▶ _Given information_
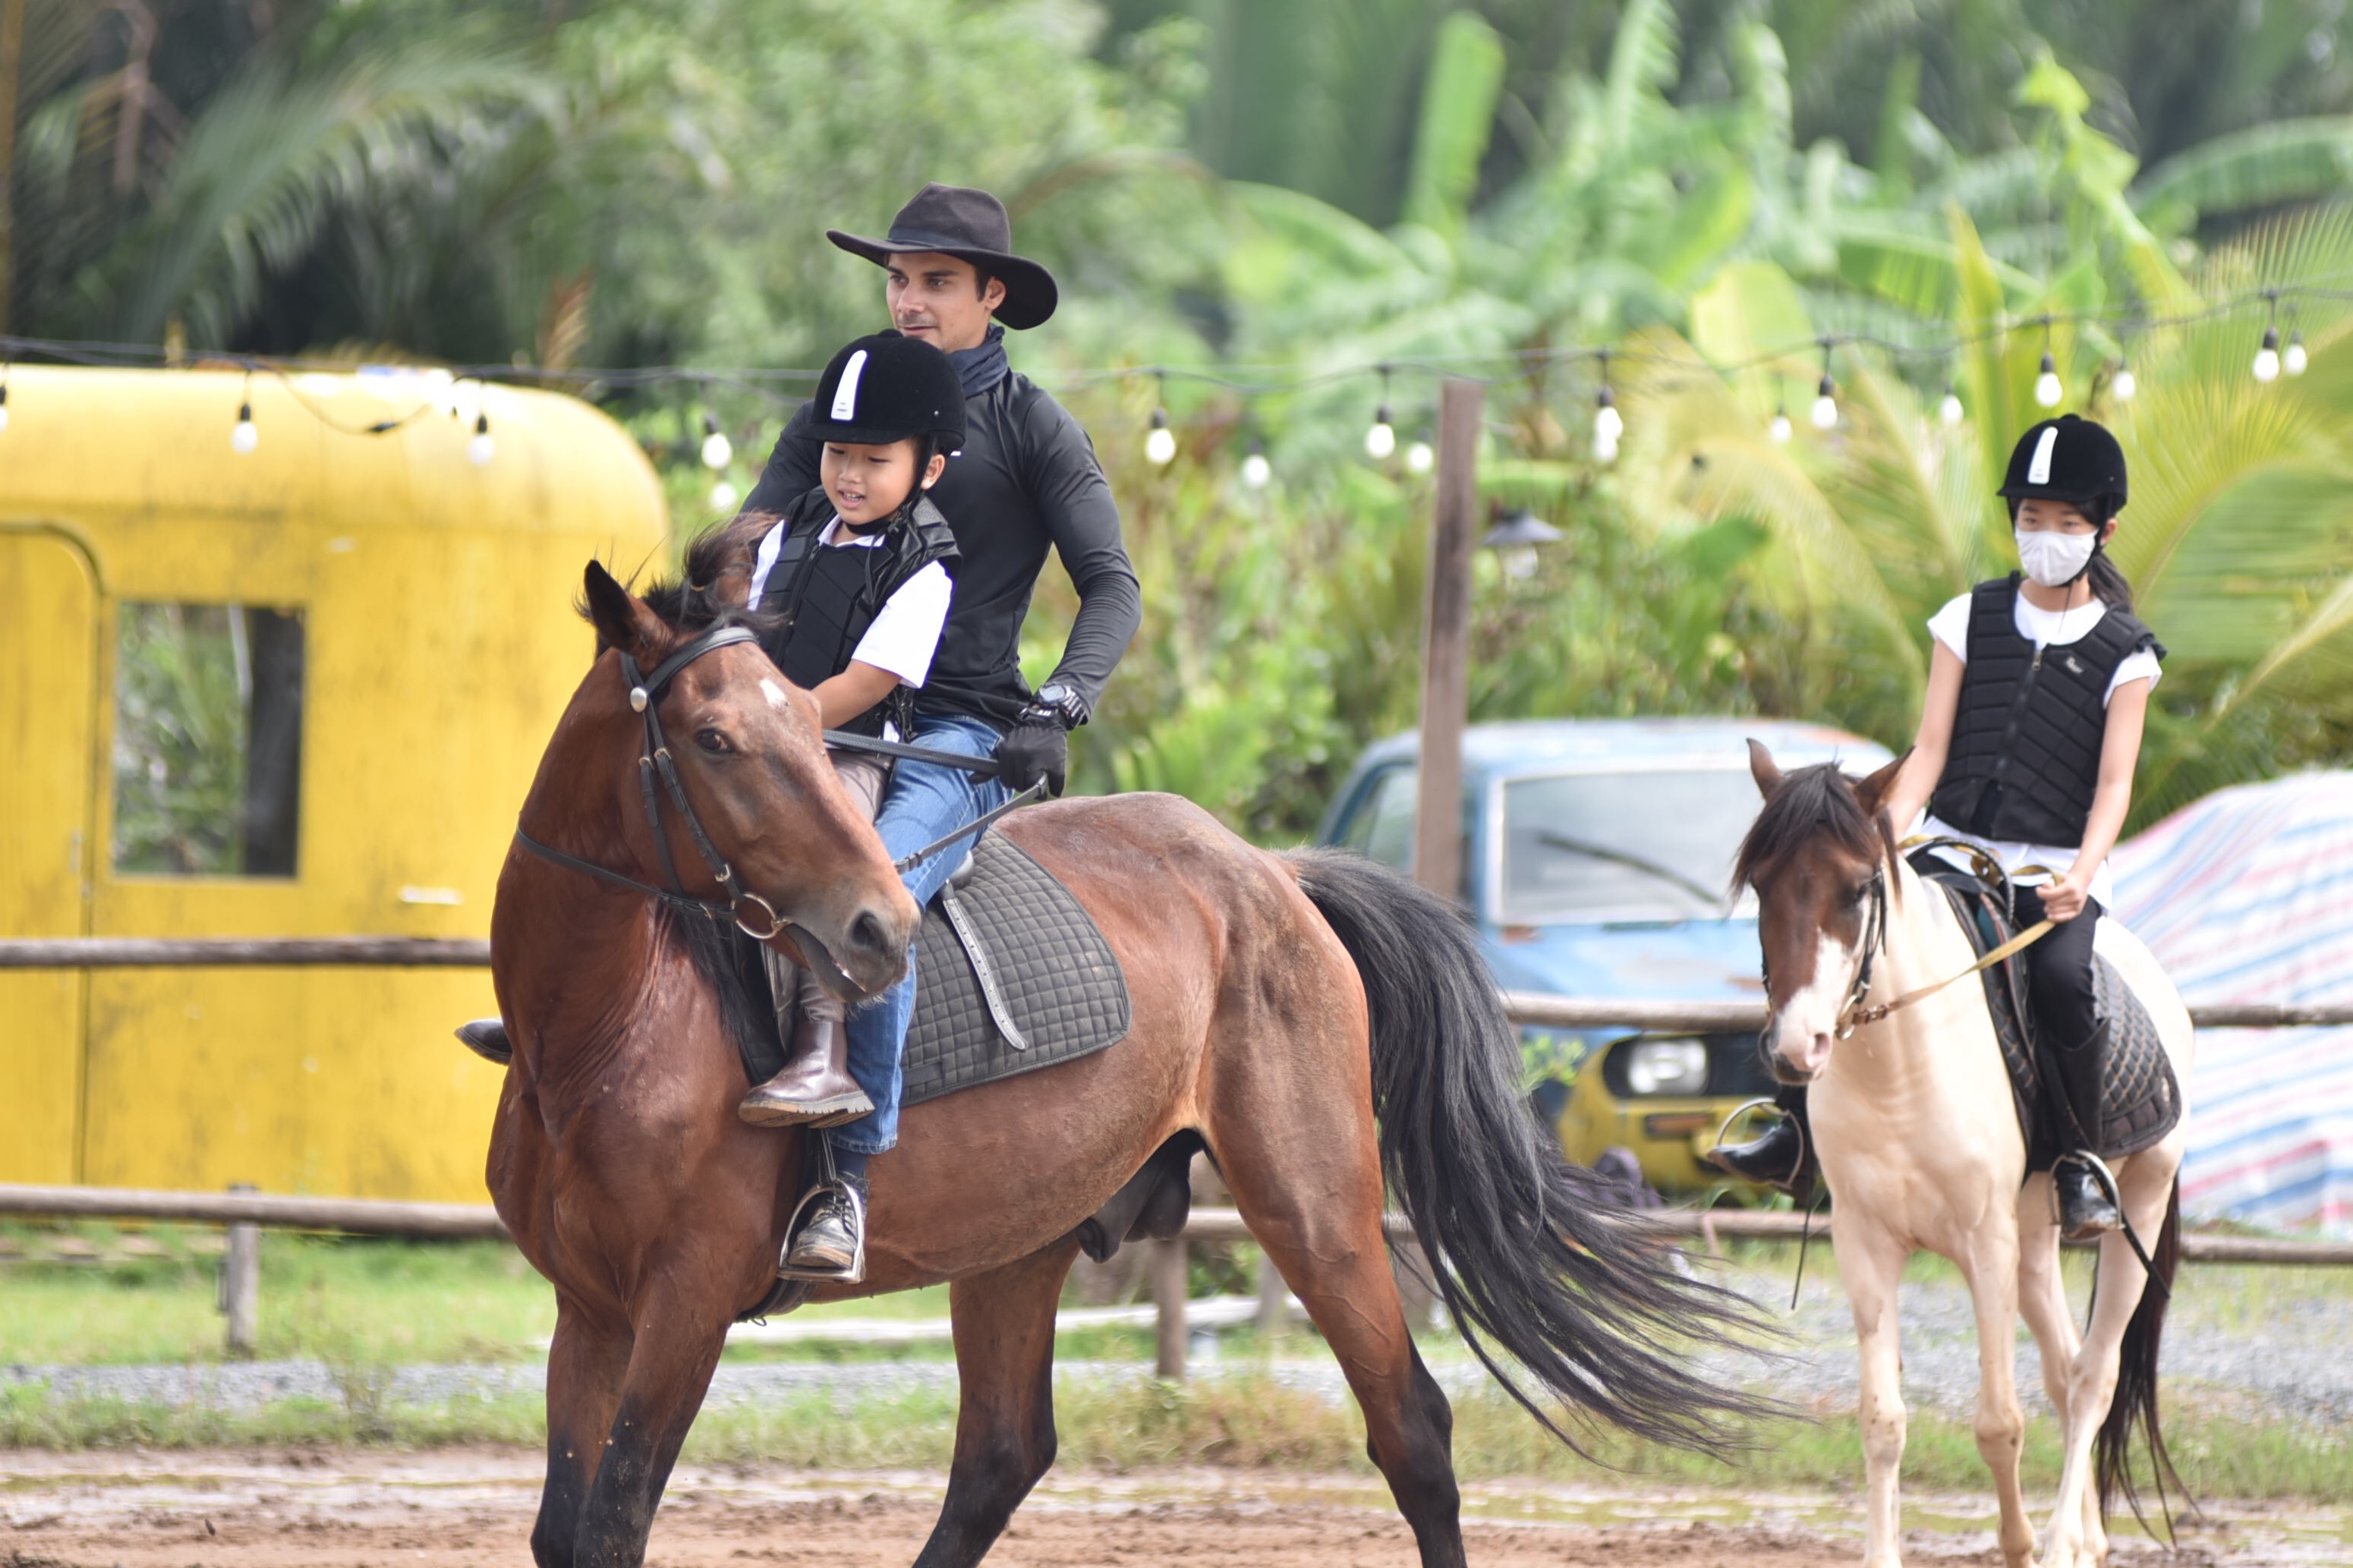 Horseback riding is one of Ho Chi Minh City’s newest weekend activities
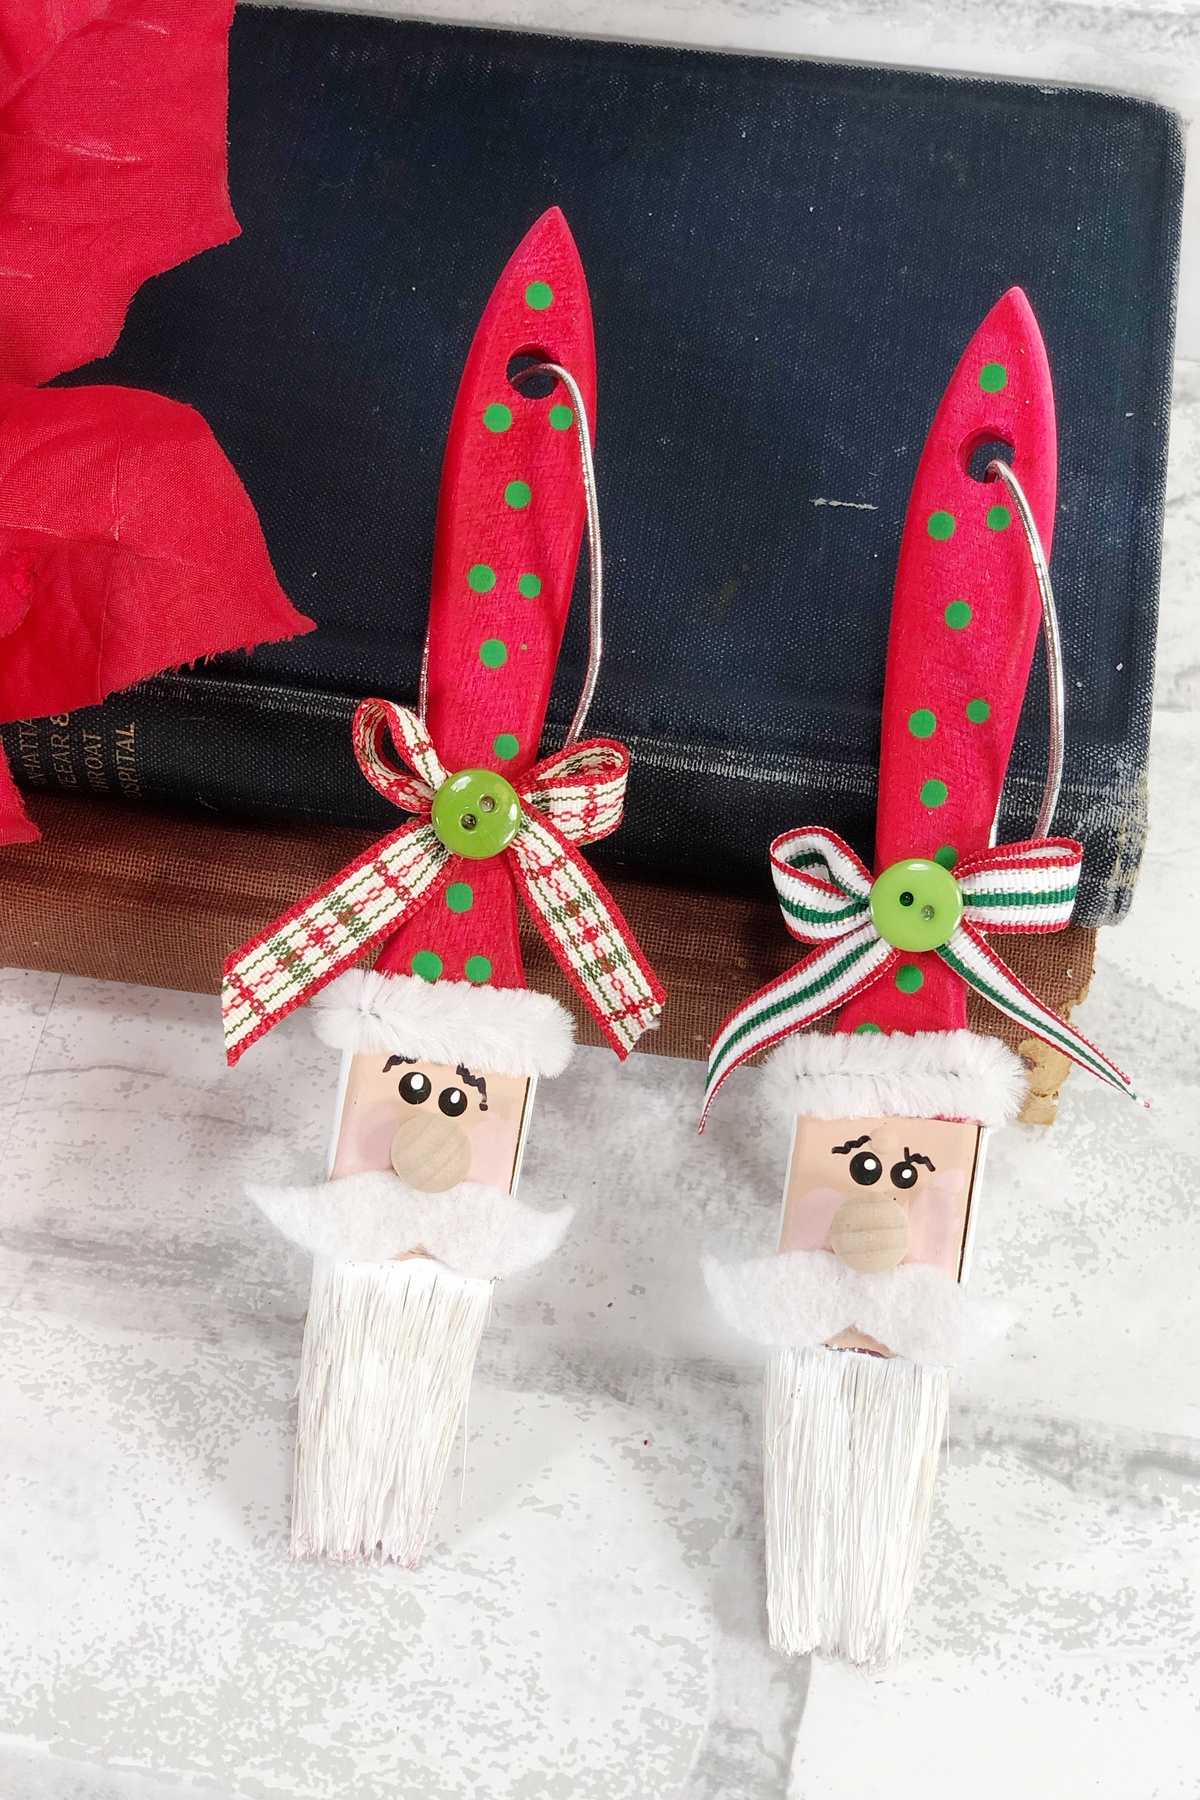 Paintbrushes made into Santa ornaments leaning against book
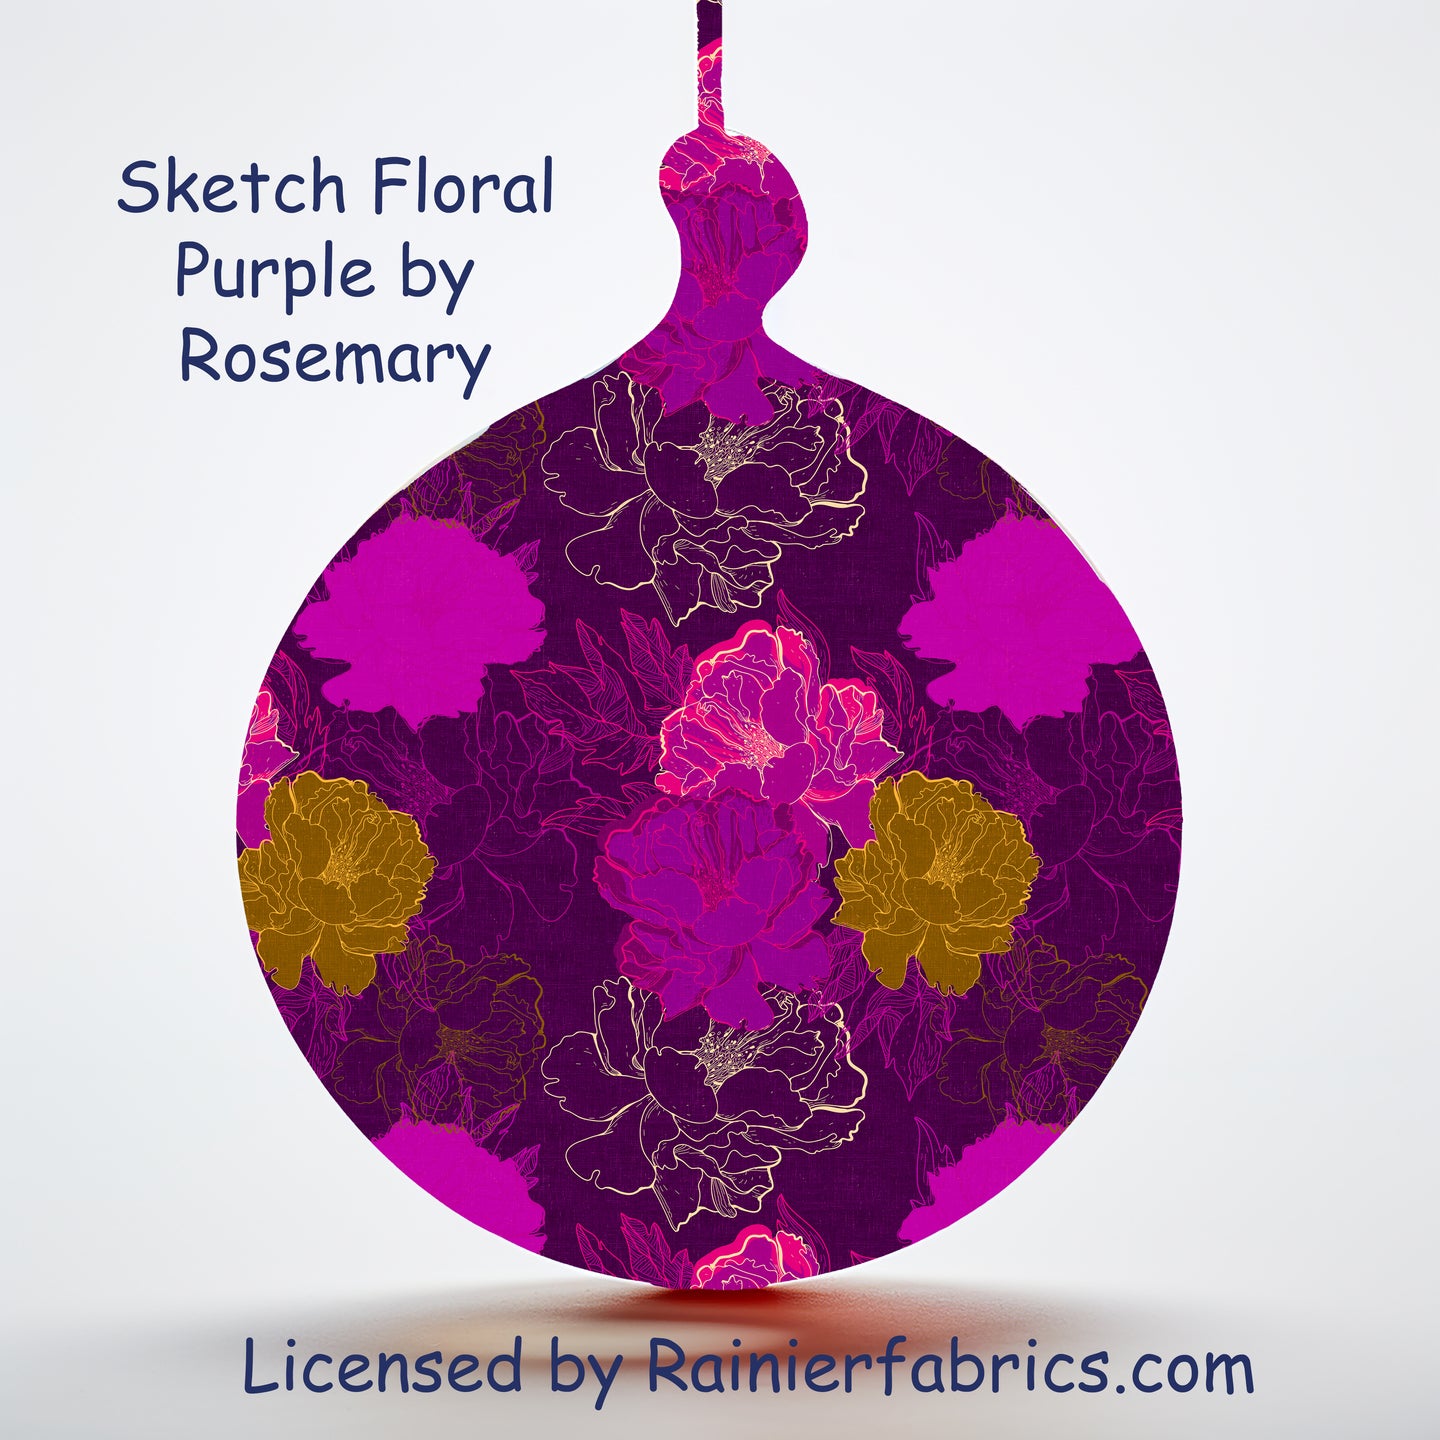 Sketch Floral Purple by Rosemary

▶ _Directions_
Would you set down every line of the data above exactly, skipping the pictures?

▶ _Exercise solution_
 Horseback riding is one of Ho Chi Minh City’s newest weekend activities
 Paintbrushes made into Santa ornaments leaning against book
 Sketch Floral Purple by Rosemary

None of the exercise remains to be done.